__Input for this task__:
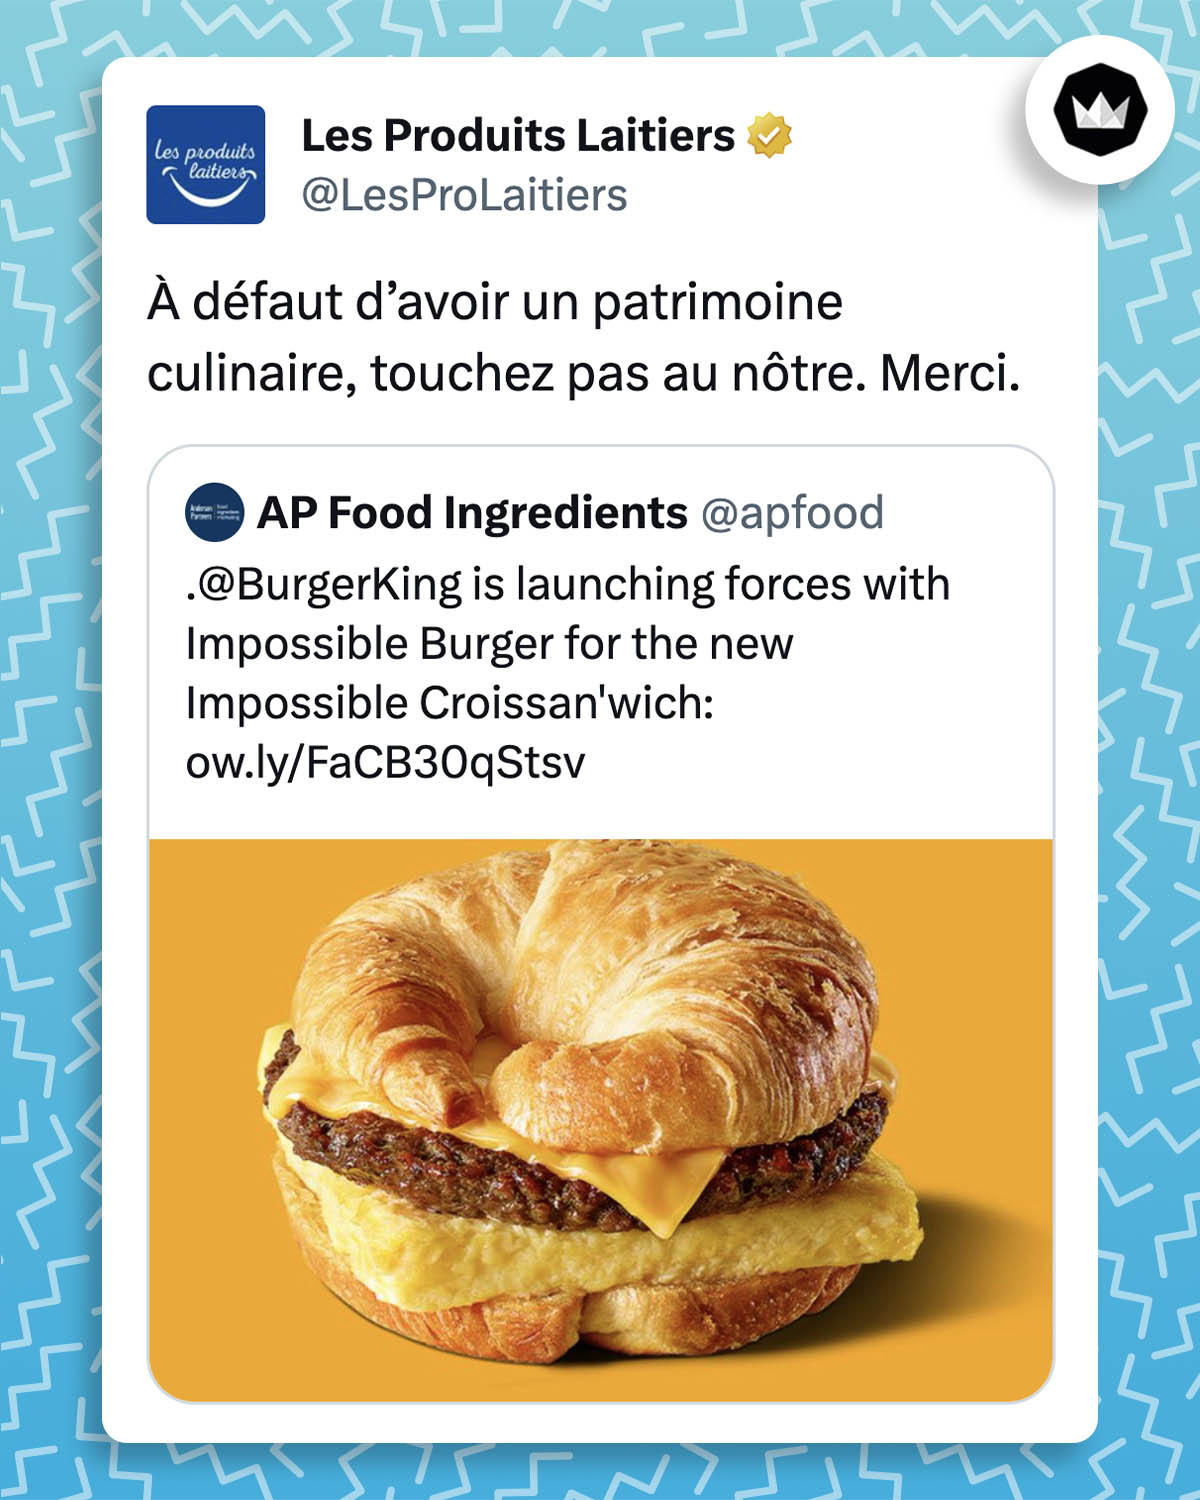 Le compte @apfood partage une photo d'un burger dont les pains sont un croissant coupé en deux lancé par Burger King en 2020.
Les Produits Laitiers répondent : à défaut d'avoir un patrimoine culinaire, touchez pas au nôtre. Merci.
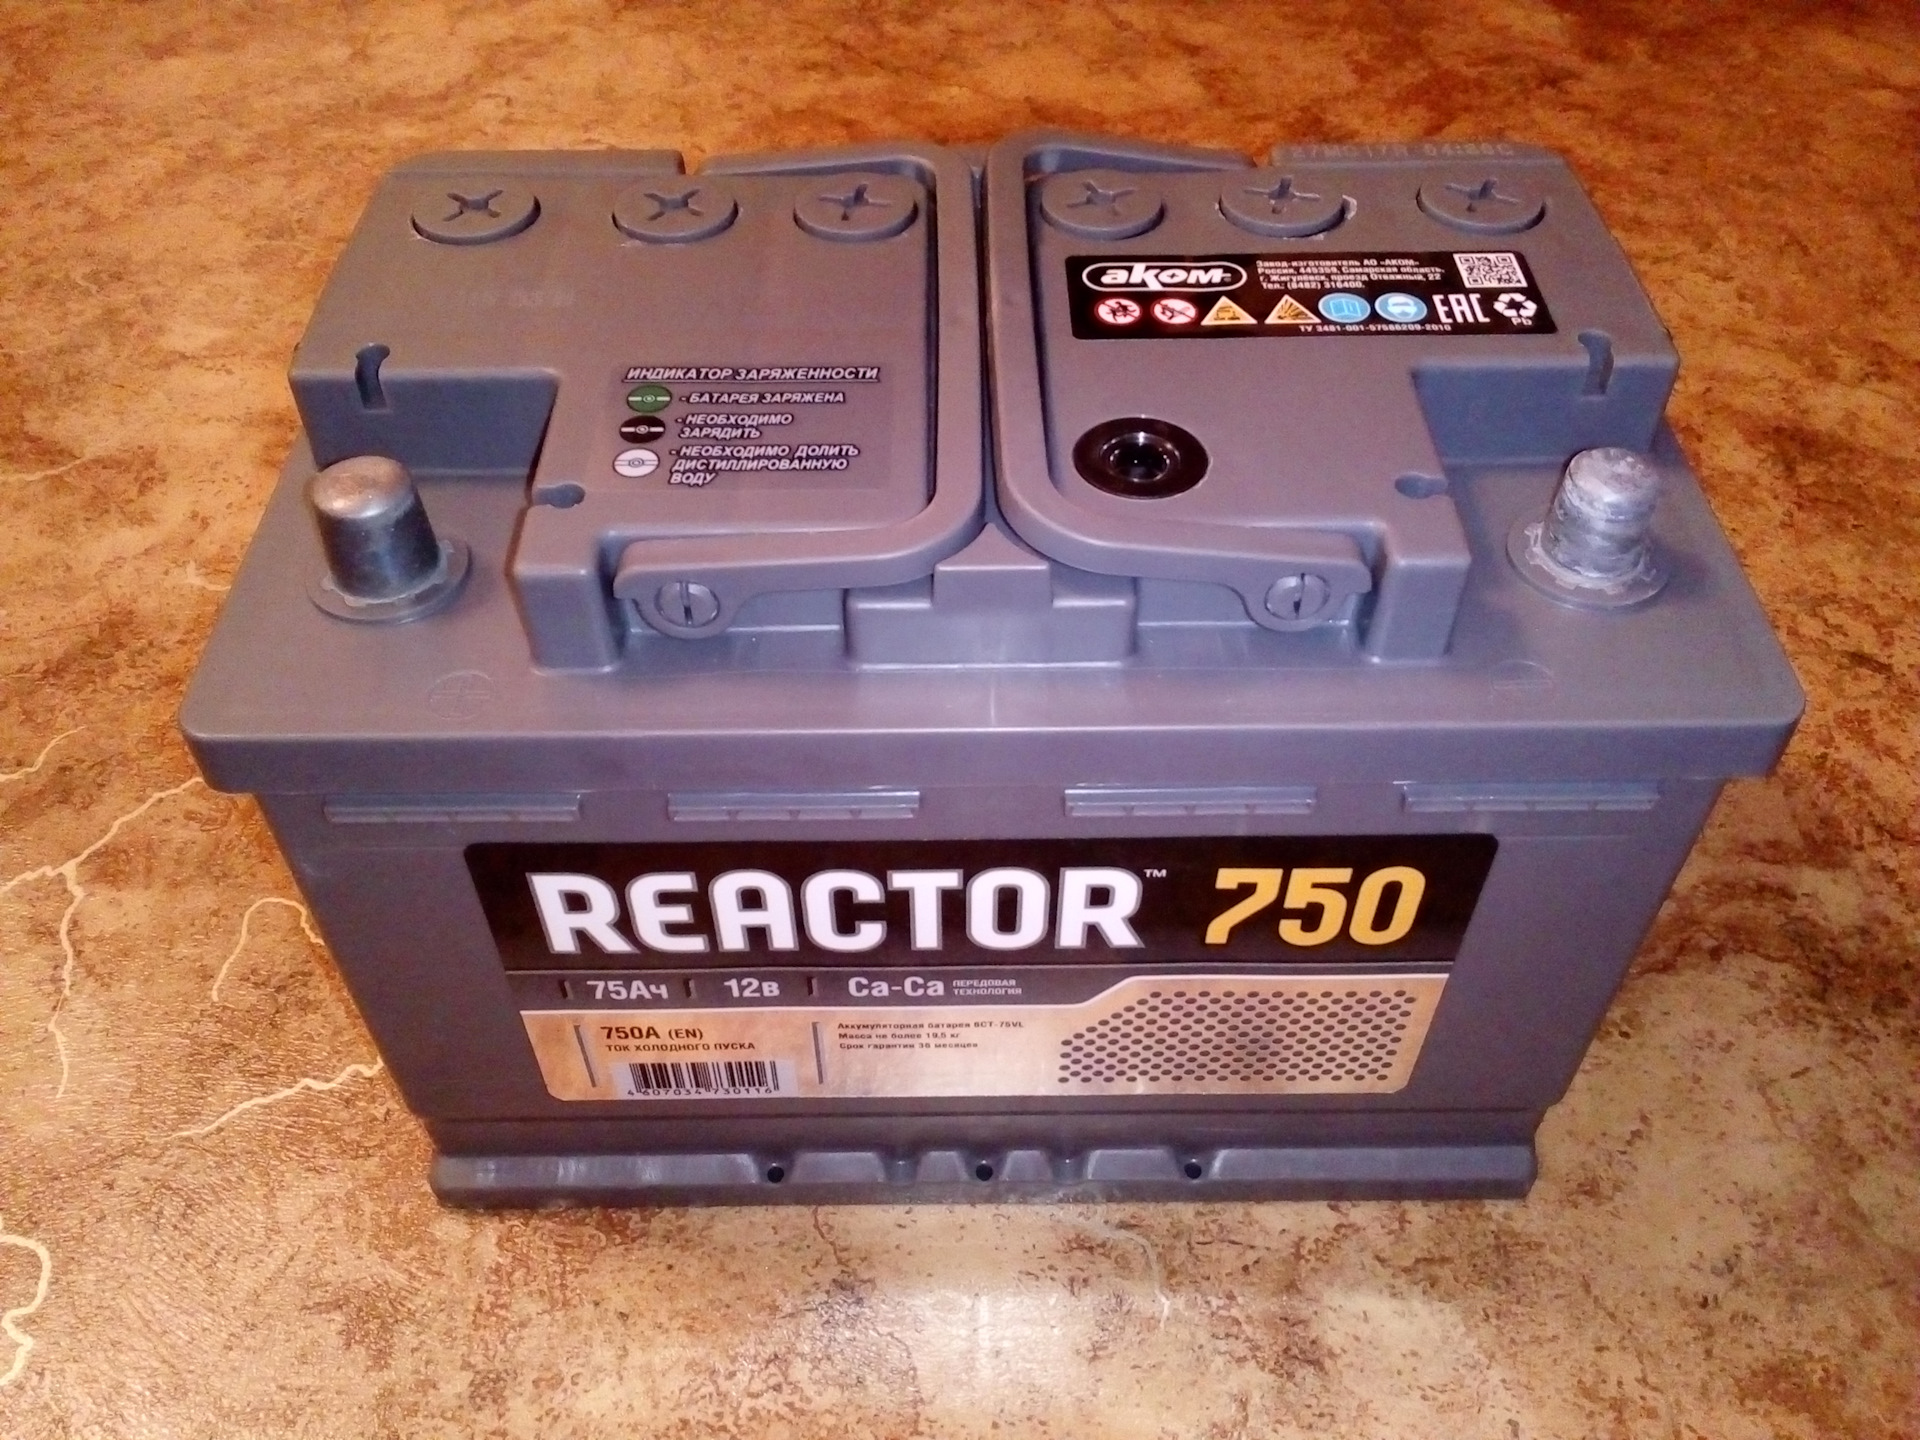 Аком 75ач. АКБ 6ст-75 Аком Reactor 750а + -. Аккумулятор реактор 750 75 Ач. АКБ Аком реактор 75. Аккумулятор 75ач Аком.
--
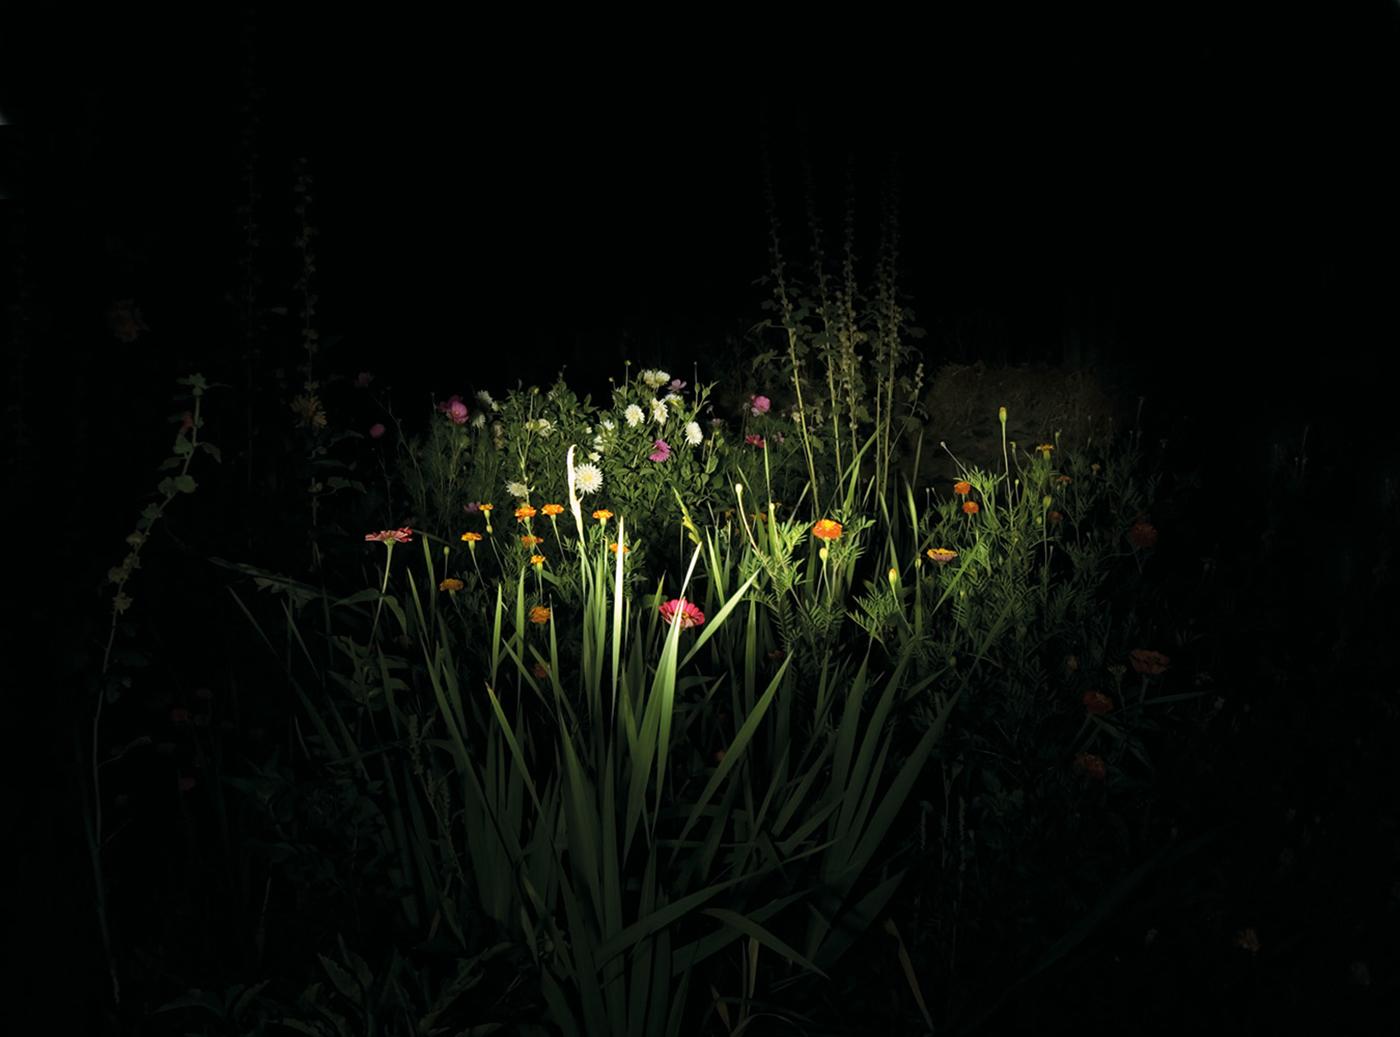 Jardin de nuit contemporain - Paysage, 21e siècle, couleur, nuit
---
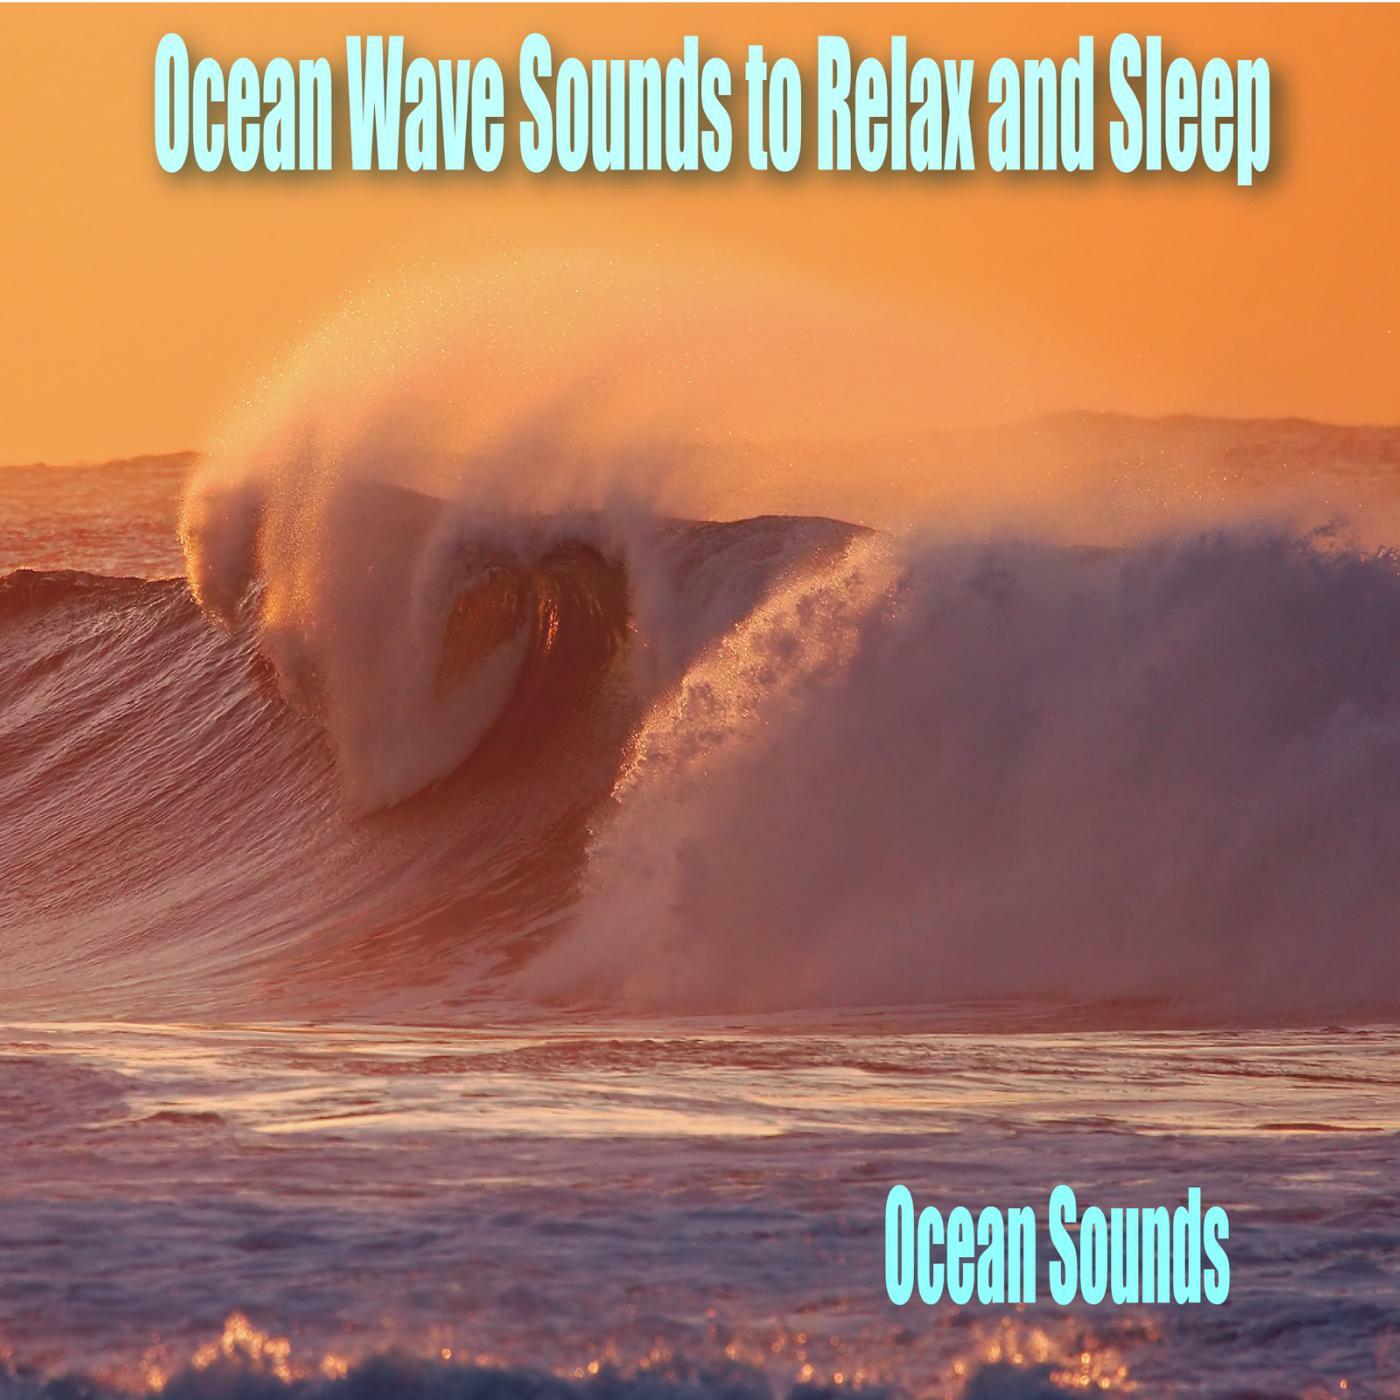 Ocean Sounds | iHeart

__Task prompt__: In the records above, everything from the line with "Le compte @apfood" down to the line with "Аком 75ач. АКБ" must be duplicated exactly, both lines kept. Leave no pictures in.

__The answer__:
 Le compte @apfood partage une photo d'un burger dont les pains sont un croissant coupé en deux lancé par Burger King en 2020.
Les Produits Laitiers répondent : à défaut d'avoir un patrimoine culinaire, touchez pas au nôtre. Merci.
 Аком 75ач. АКБ 6ст-75 Аком Reactor 750а + -. Аккумулятор реактор 750 75 Ач. АКБ Аком реактор 75. Аккумулятор 75ач Аком.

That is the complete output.